Write out the entries below exactly, but only from the line containing "pga tour polo" through the line containing "b8483bef Star Wars- Rancor", and without the pictures.

- [The data]:
━━━━━━━━━━━━━━━━━━━━━━━━━━━━━━
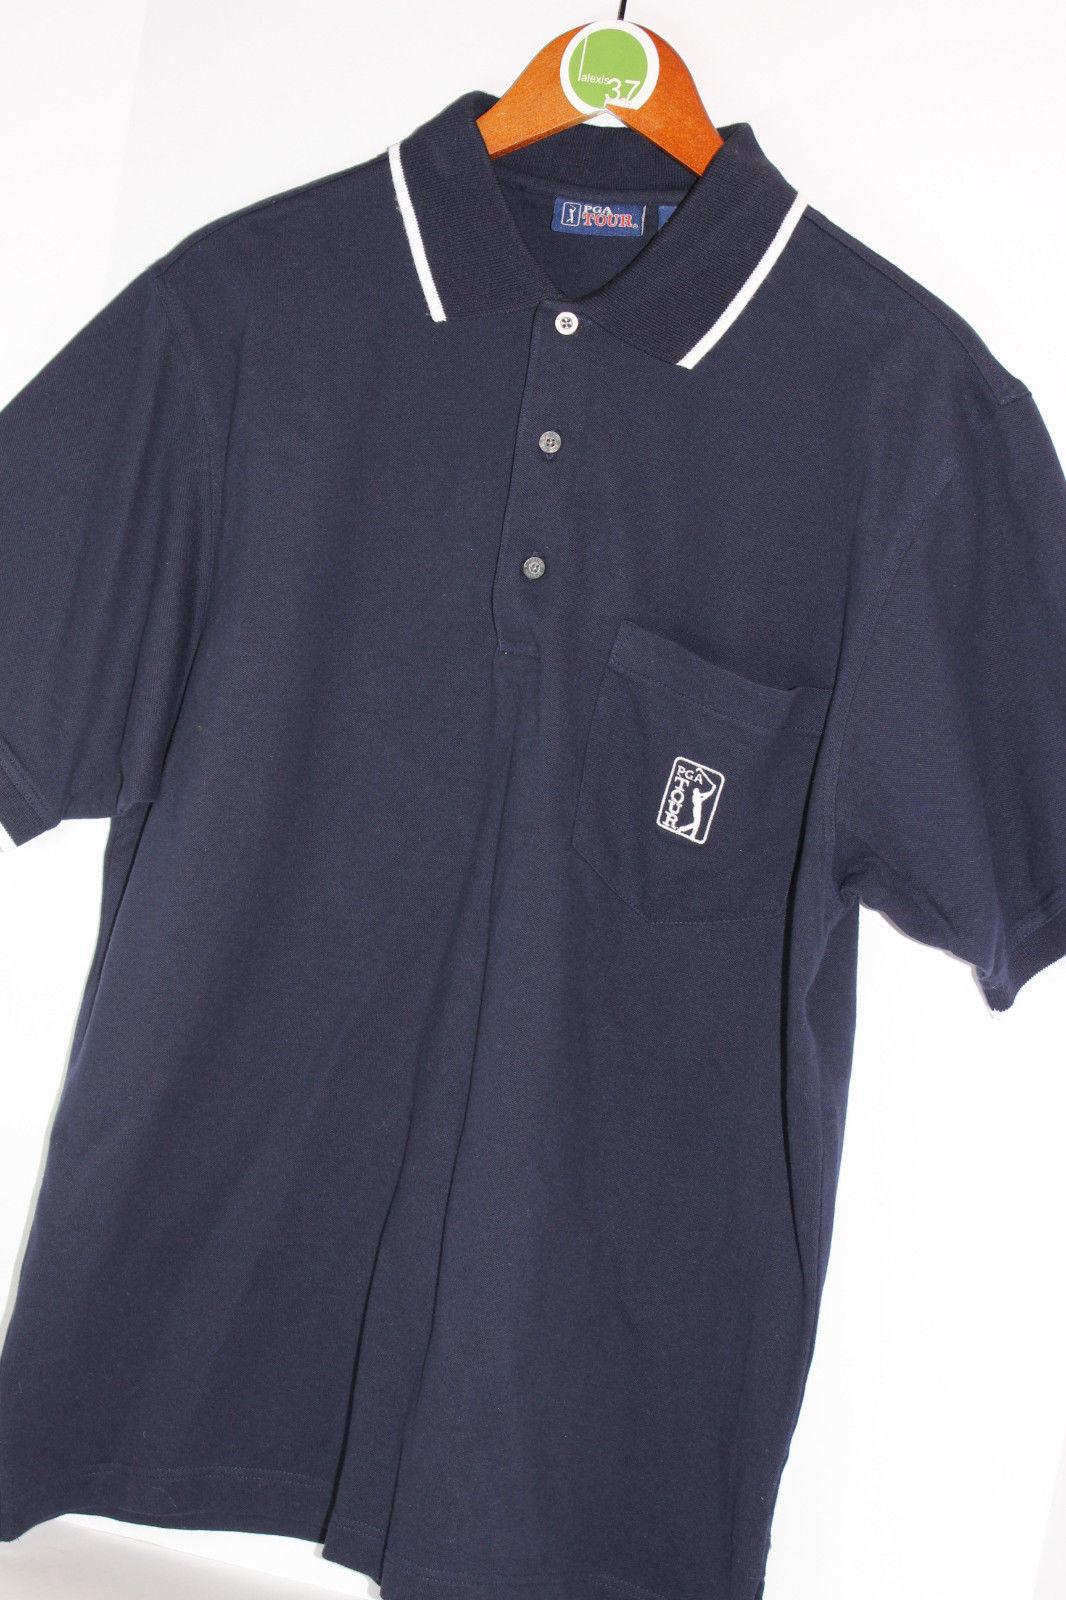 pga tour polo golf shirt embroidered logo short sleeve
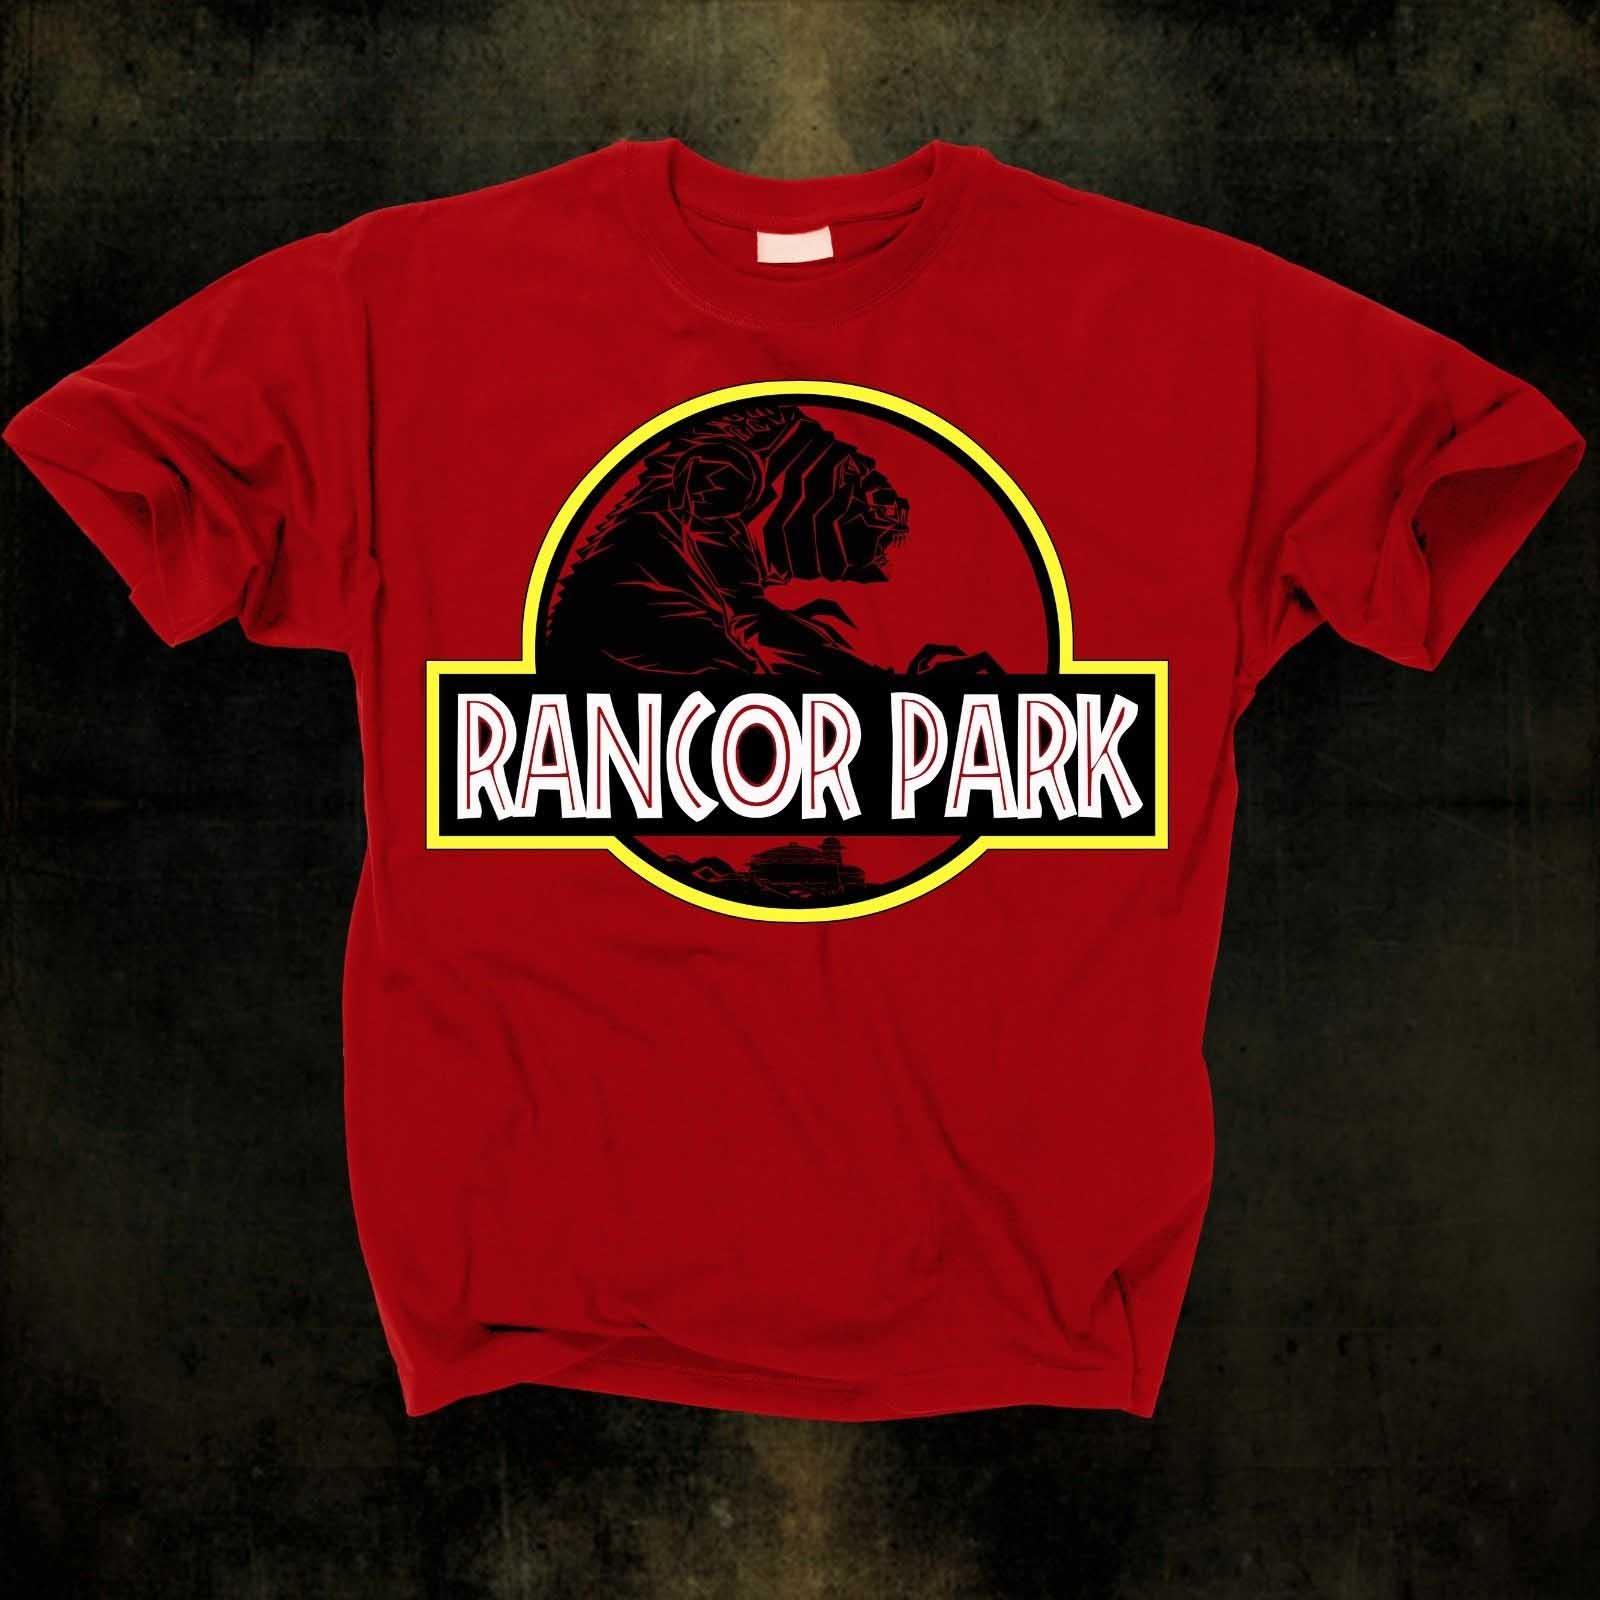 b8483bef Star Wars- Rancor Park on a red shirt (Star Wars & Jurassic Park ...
━━━━━━━━━━━━━━━━━━━━━━━━━━━━━━
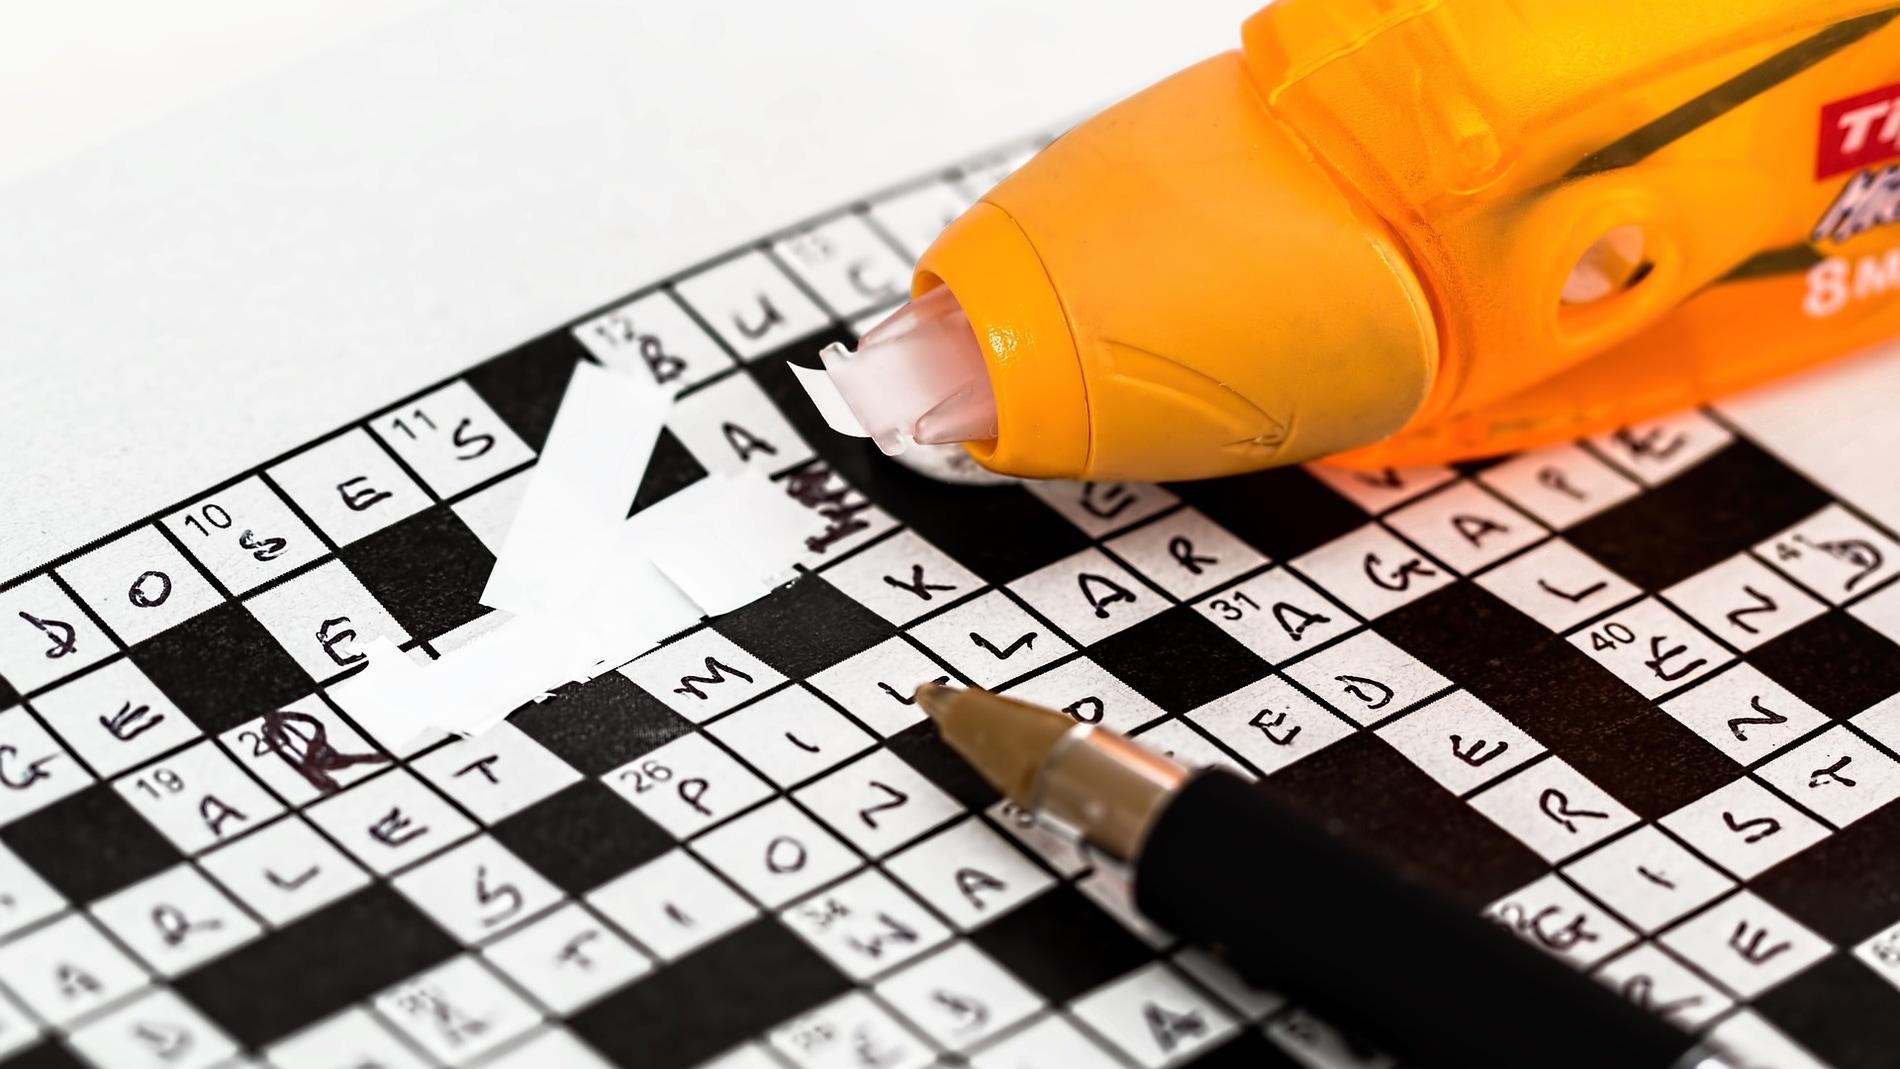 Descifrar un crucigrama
━━━━━━━━━━━━━━━━━━━━━━━━━━━━━━
- [Task solution]:
 pga tour polo golf shirt embroidered logo short sleeve
 b8483bef Star Wars- Rancor Park on a red shirt (Star Wars & Jurassic Park ...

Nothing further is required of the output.